Sedangkan untuk badak jawa, Moh. Haryono, Kepala Sub Direktorat Sumber Daya Genetik Direktorat Konservasi Keanekaragaman Hayati, menjelaskan bahwa dalam kurun waktu 2011 hingga 2015, tercatat jumlah badak jawa meningkat menjadi 63 individu, termasuk kelahiran tujuh anak badak. Angka ini didapat setelah penambahan kamera video di sejumlah titik. Hingga 2015, terangnya, pemasangan 100 kamera pengintai dilakukan dan setiap 10 bulan, tim akan mendatangai kamera tersebut untuk pengambilan data dan pengecekan peralatan.

Haryono menyatakan bahwa kondisi badak jawa hingga saat ini masih dalam status kritis karena terancam dari ketersediaan pakan dan aktivitas ilegal masyarakat sekitar. Menyusutnya habitat badak juga membuat penyebaran penyakit dari ternak peliharaan ke badak terjadi. Pada 2014, empat badak mati karena tertular penyakit dari ternak.

Haryono menyebutkan ada tiga program strategis untuk konservasi badak jawa. Pertama, pengendalian tumbuhan invasif yang mengurangi pakan badak di Semenanjung Ujung Kulon. Kedua, pengelolaan JRSCA (Javan Rhino Study and Conservation Area) yang saat ini sedang dibangun konstruksinya. Ketiga, membangun populasi kedua karena kehidupan badak jawa di Ujung Kulon selama berpuluh tahun berkutat di ruang yang tidak terlalu luas sehingga memungkinkan terjadinya perkawinan seketurunan.

“Dengan dipindah ke tempat lain, peluang terjadinya heterogenitas terbuka,” tambahnya.

BACA JUGA: KLHK Tetapkan 25 Satwa Prioritas Dilindungi

Sedangkan untuk badak sumatera, Direktur Konservasi WWF Indonesia Arnold Sitompul menyarankan upaya konservasi badak sumatera dengan inovasi baru yaitu mendorong program pembiakan semi alami yang lebih aktif karena kondisi populasi di alam sudah sangat kritis.
“Perlindungan habitat saja tidak cukup untuk menyelamatkan badak sumatera,” katanya.

Sebagai informasi, kondisi badak sumatera dan badak jawa yang hidup di Indonesia mengalami keterancaman. Meski hidupnya dilindungi, namun ancaman kepunahan masih sangat besar. Dua jenis ini, berdasarkan IUCN Red List of Threatened Species Category, statusnya adalah Kritis (Critically Endangered/CR) atau satu langkah menuju kepunahan di alam. Secara umum, penyempitan habitat dan perburuan merupakan musuh utama kehidupan badak di negeri ini.

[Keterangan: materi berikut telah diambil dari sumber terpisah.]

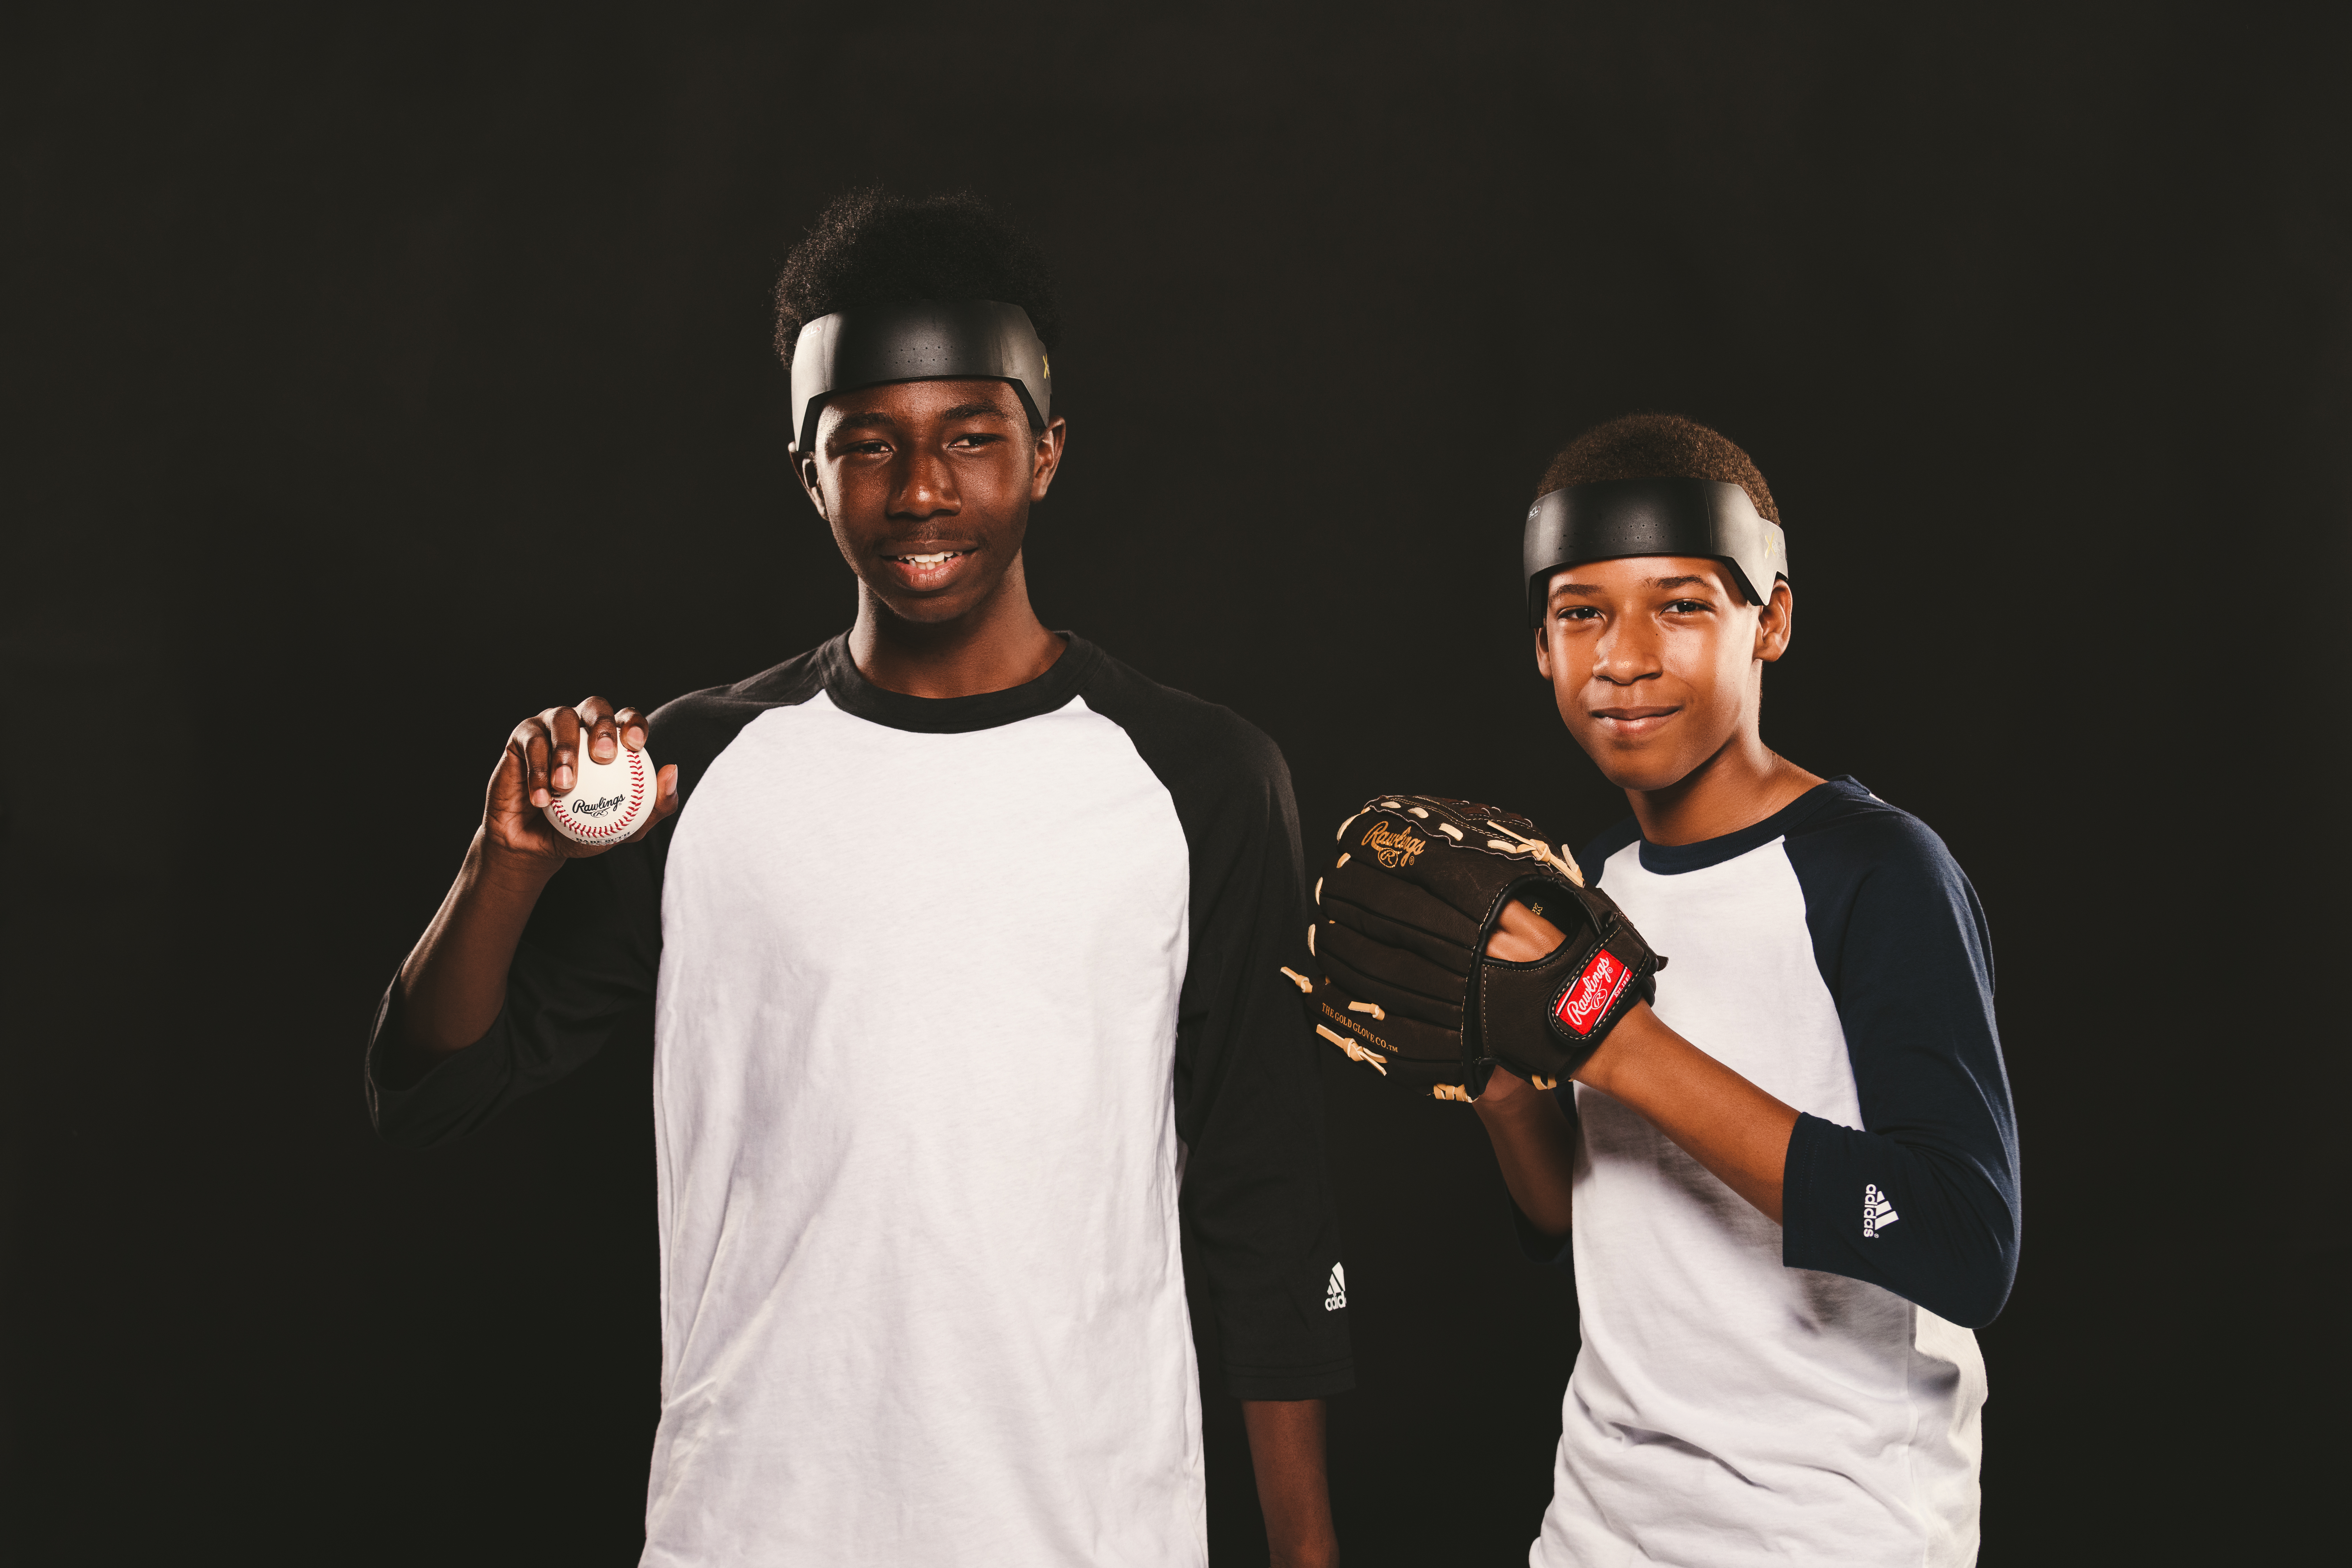 IU C&I Studios Ball Cap Liner Two young baseball players wearing BCLs with one holding a baseball and the other wearing a baseball mitt posing for the camera

Pemerintah Indonesia sendiri mencanangkan target pertumbuhan populasi sebesar 10 persen untuk 25 satwa dilindungi pada kurun waktu tahun 2015 – 2019, termasuk di dalamnya badak sumatera dan badak jawa. Untuk badak jawa, target ini hampir terpenuhi, sayangnya tidak untuk badak sumatera, yang junlah populasinya pada tahun 1974, diperkirakan antara 400-700 individu namun dalam 10 tahun belakangan laju kehilangan populasinya mencapai 50 persen. Bahkan di salah satu kantong populasinya di Kerinci Seblat, badak sumatera sudah tidak ditemukan lagi sejak tahun 2008.